[Opening The data section]
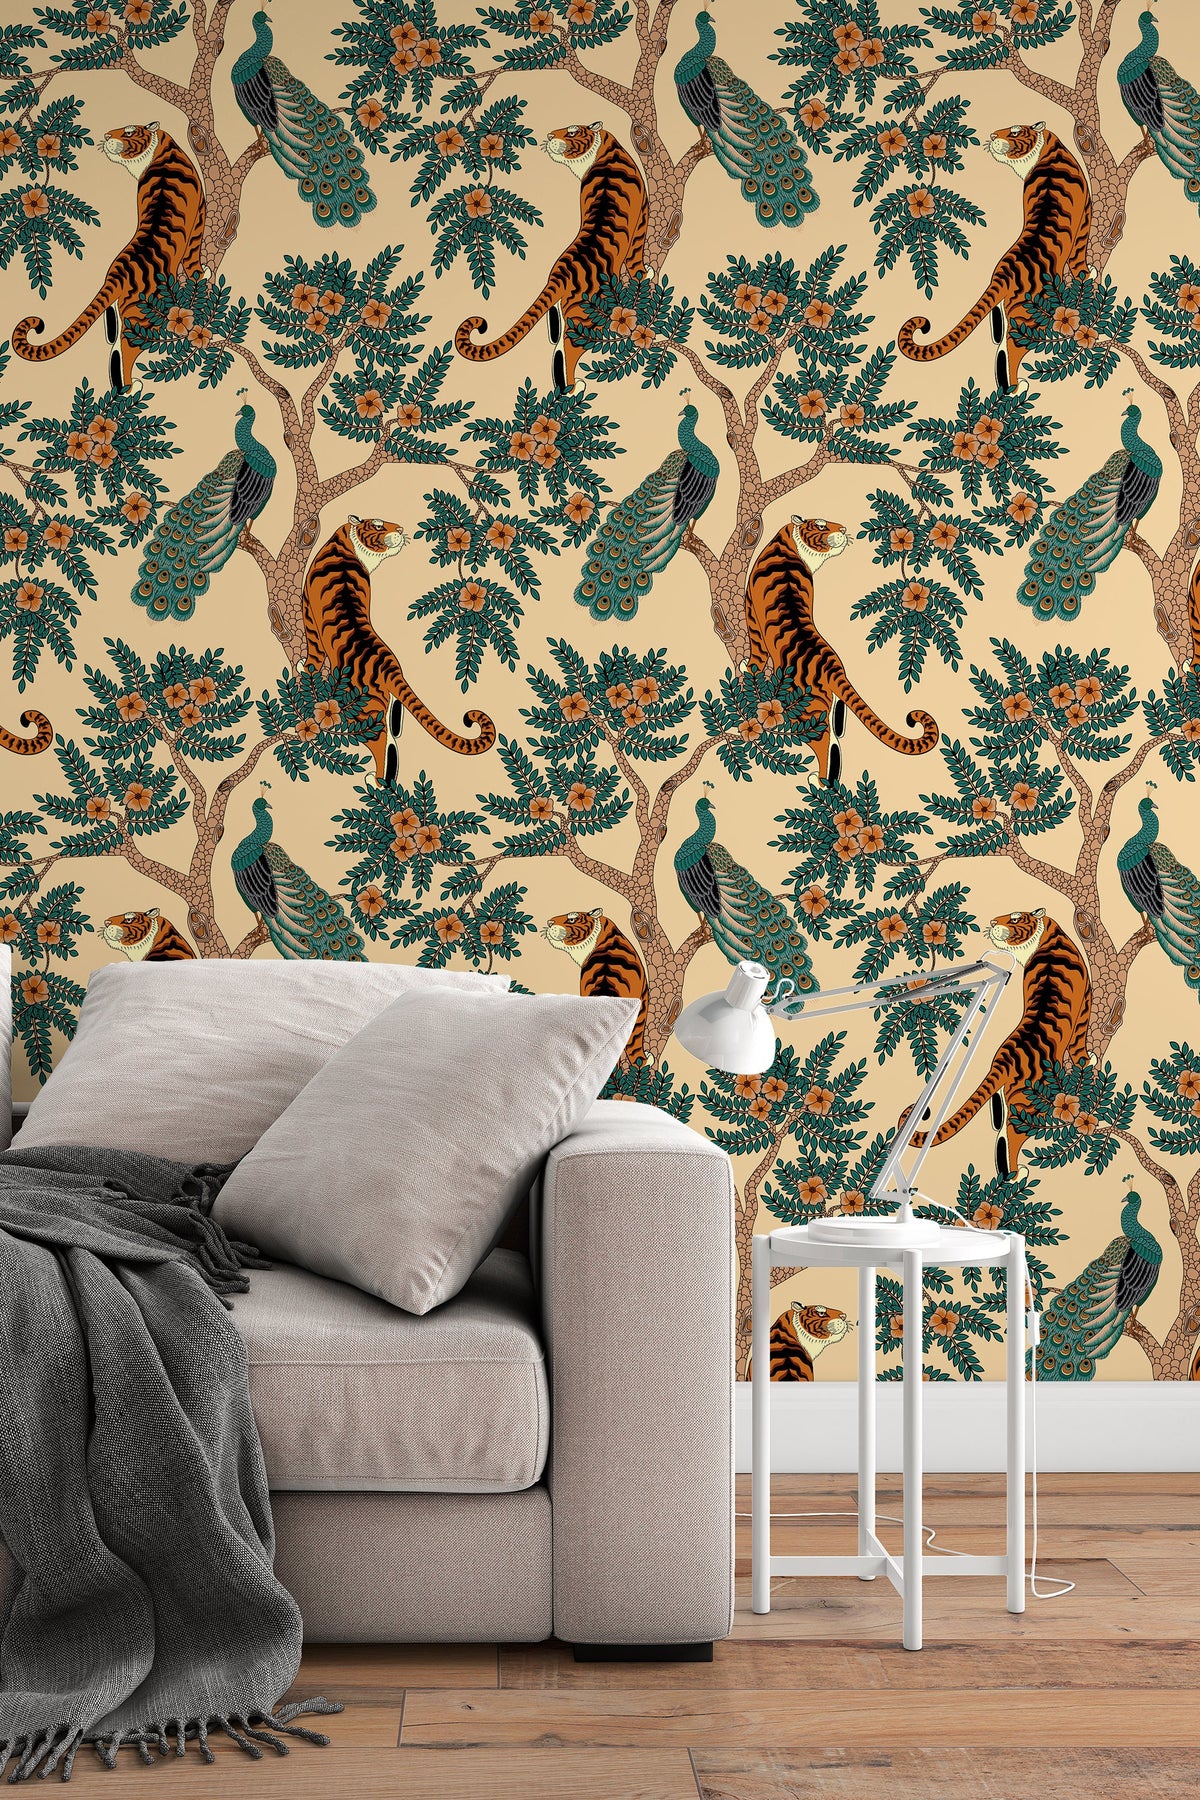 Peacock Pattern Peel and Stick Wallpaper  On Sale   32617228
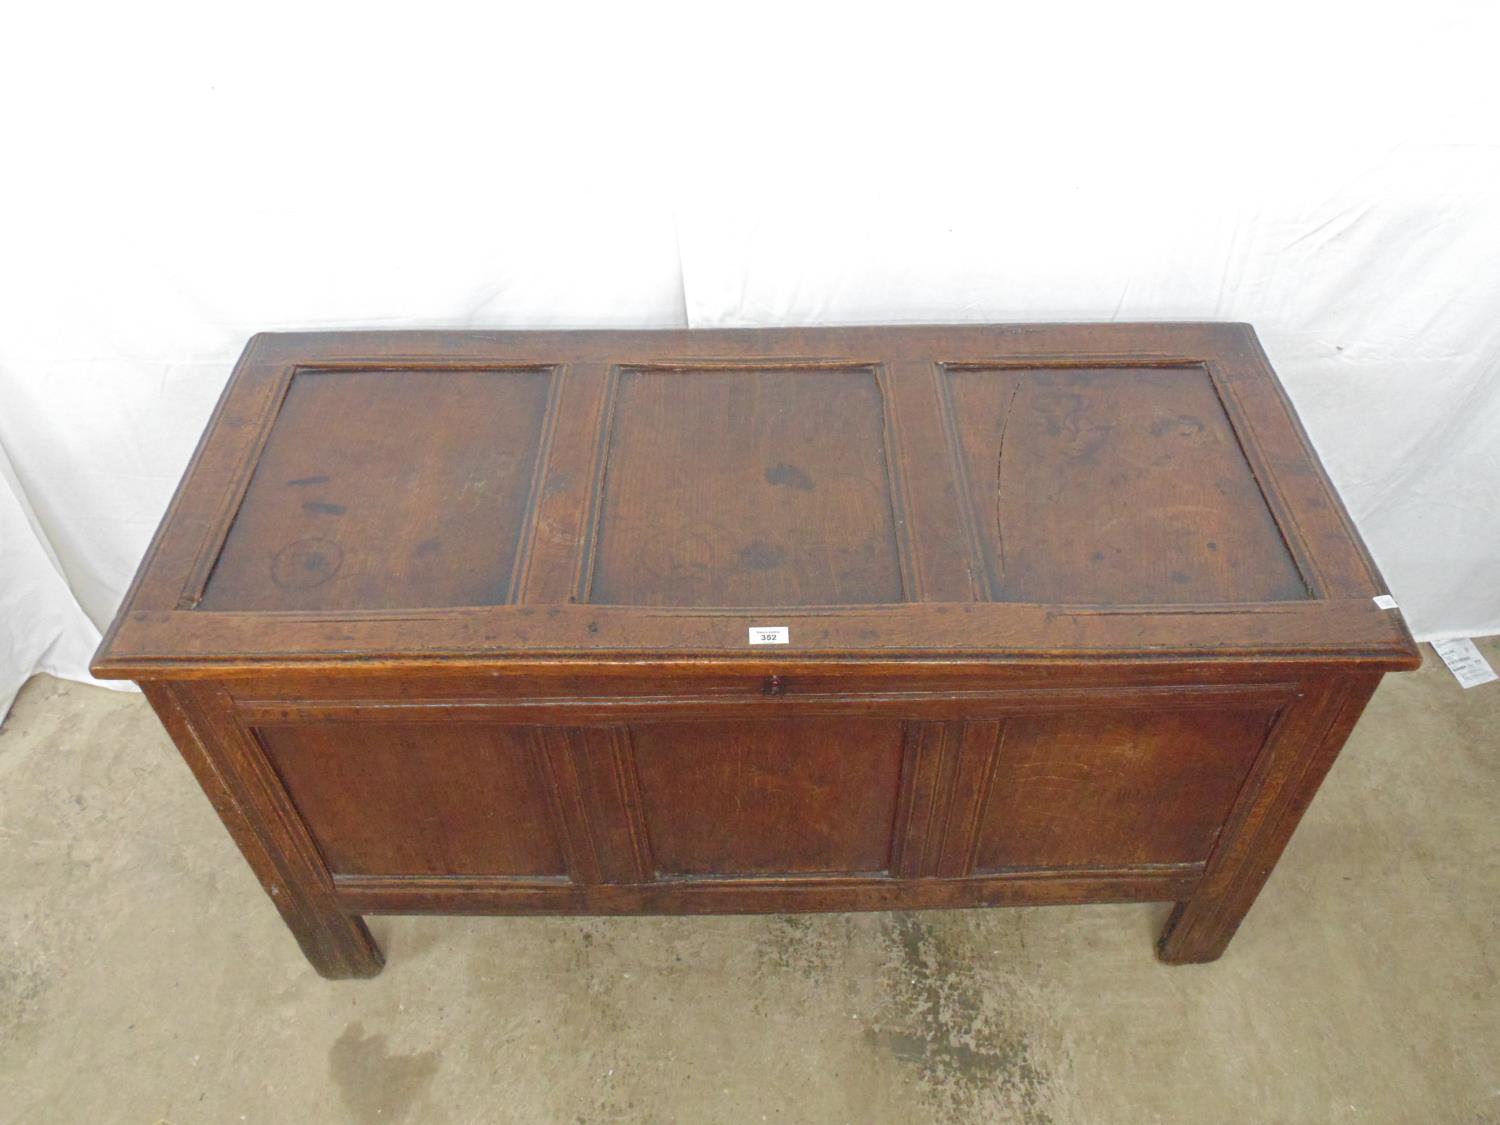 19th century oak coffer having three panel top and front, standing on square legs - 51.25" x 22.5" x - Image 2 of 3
[Closing The data section]
[Opening The data section]
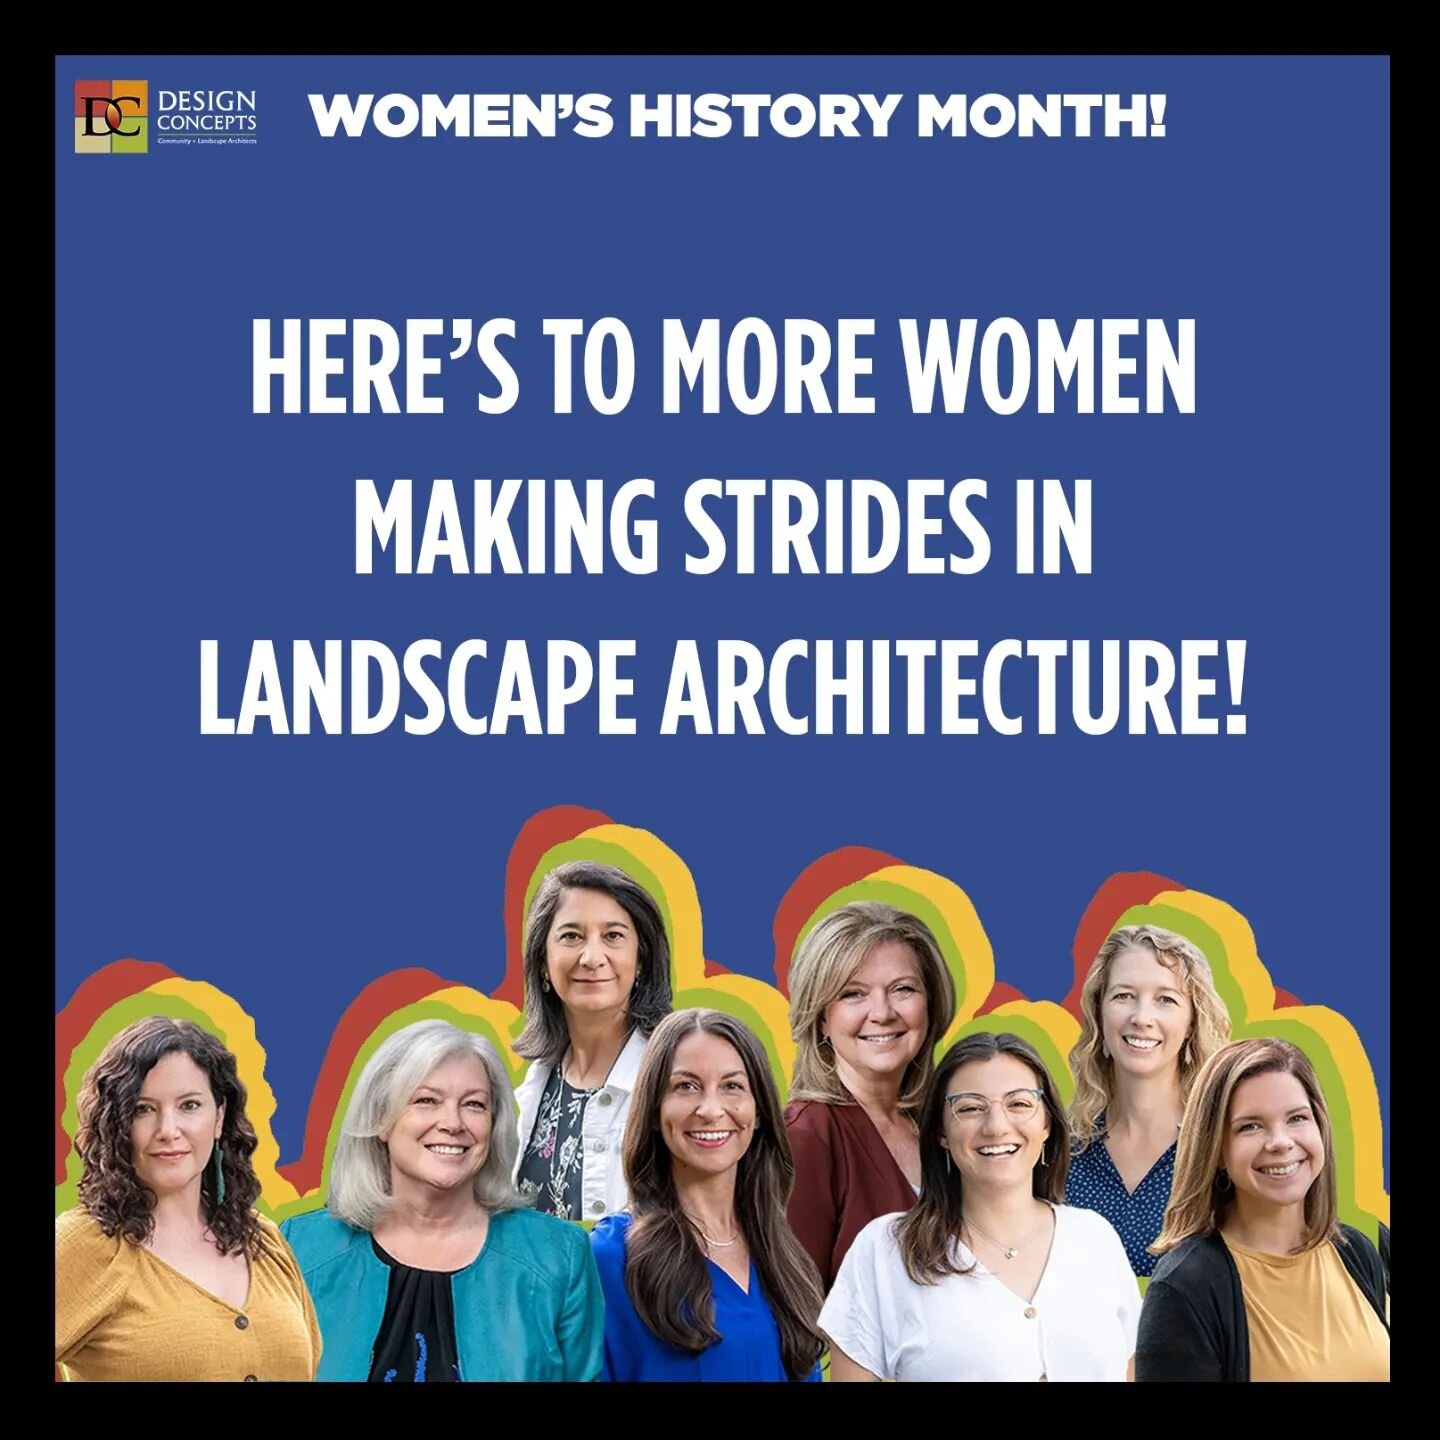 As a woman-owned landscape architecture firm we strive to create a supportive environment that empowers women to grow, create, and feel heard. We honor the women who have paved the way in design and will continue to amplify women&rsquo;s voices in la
[Closing The data section]
[Opening The data section]
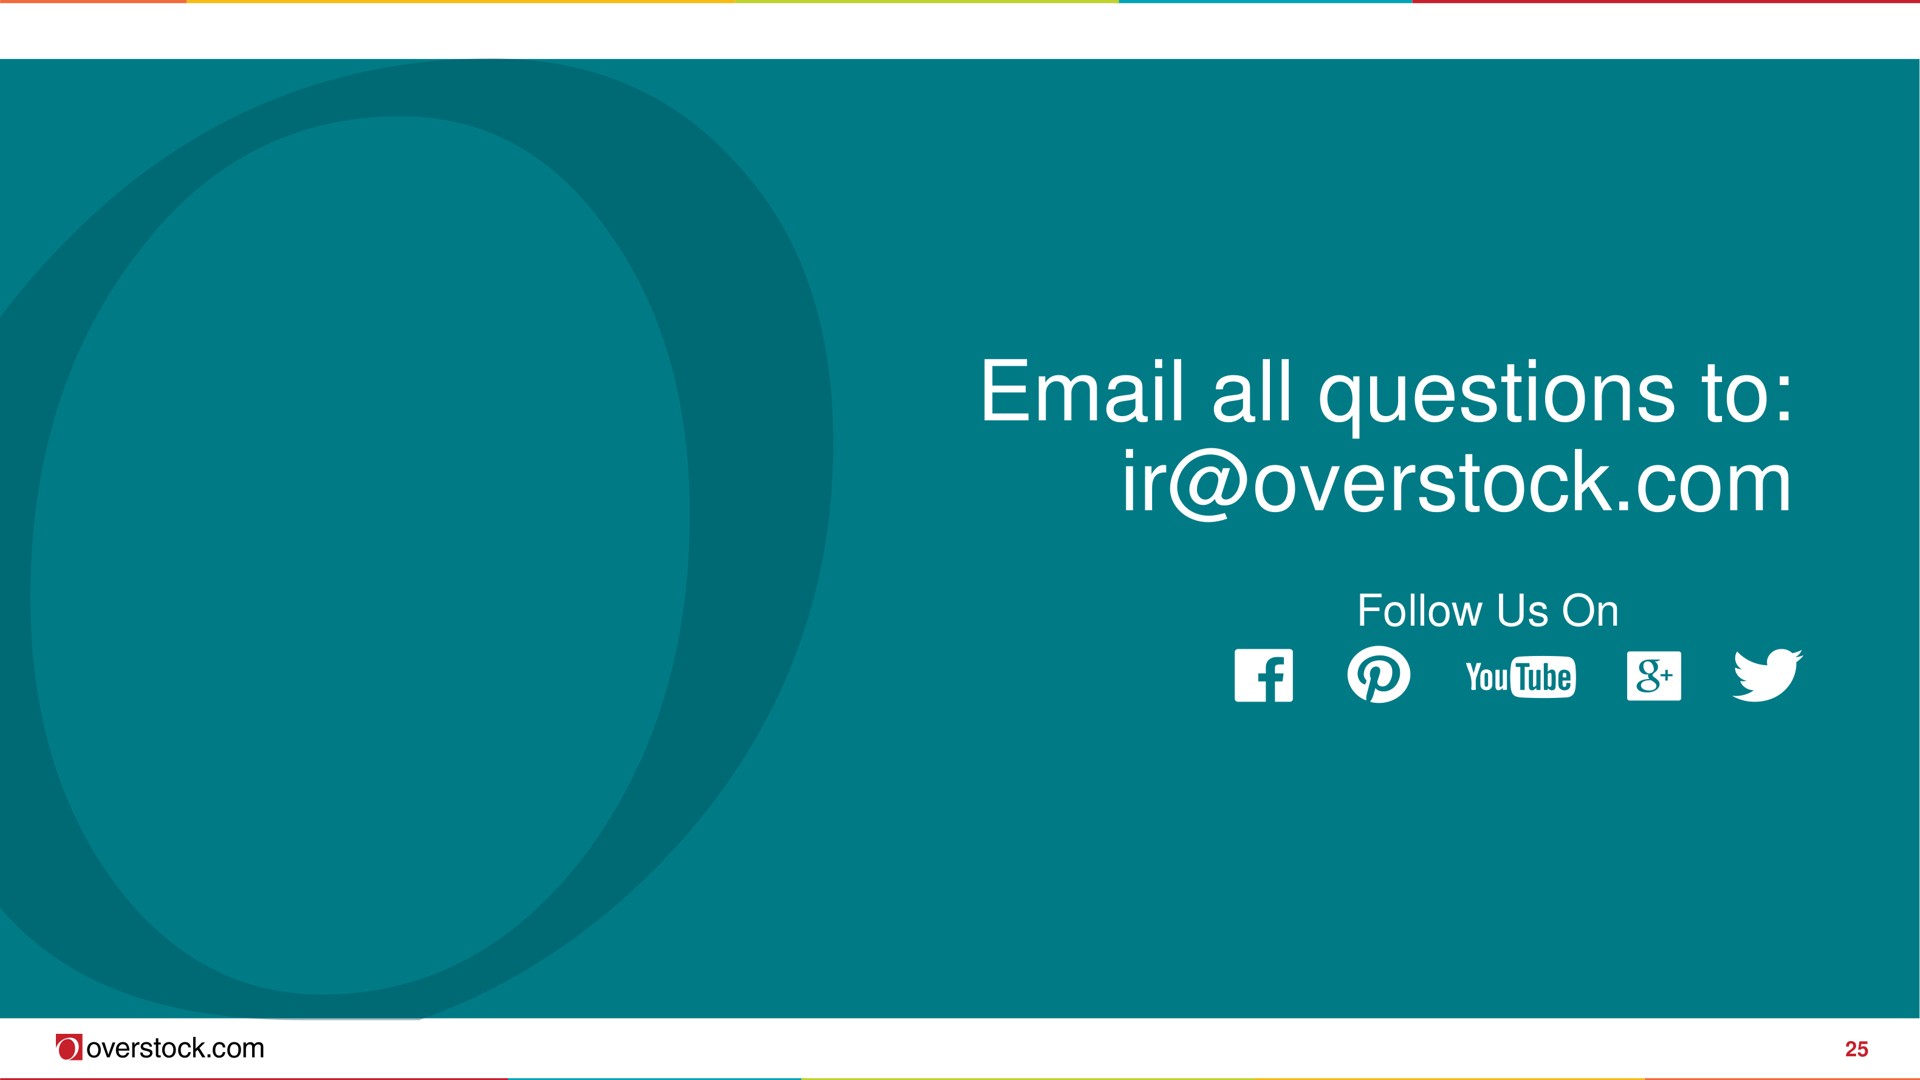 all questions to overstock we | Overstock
[Closing The data section]
To do: Look above for the line with "Peacock Pattern Peel" and the line with "19th century oak". Give again exactly those two lines and all lines between them, pictures excluded.

Exercise result:
 Peacock Pattern Peel and Stick Wallpaper  On Sale   32617228
 19th century oak coffer having three panel top and front, standing on square legs - 51.25" x 22.5" x - Image 2 of 3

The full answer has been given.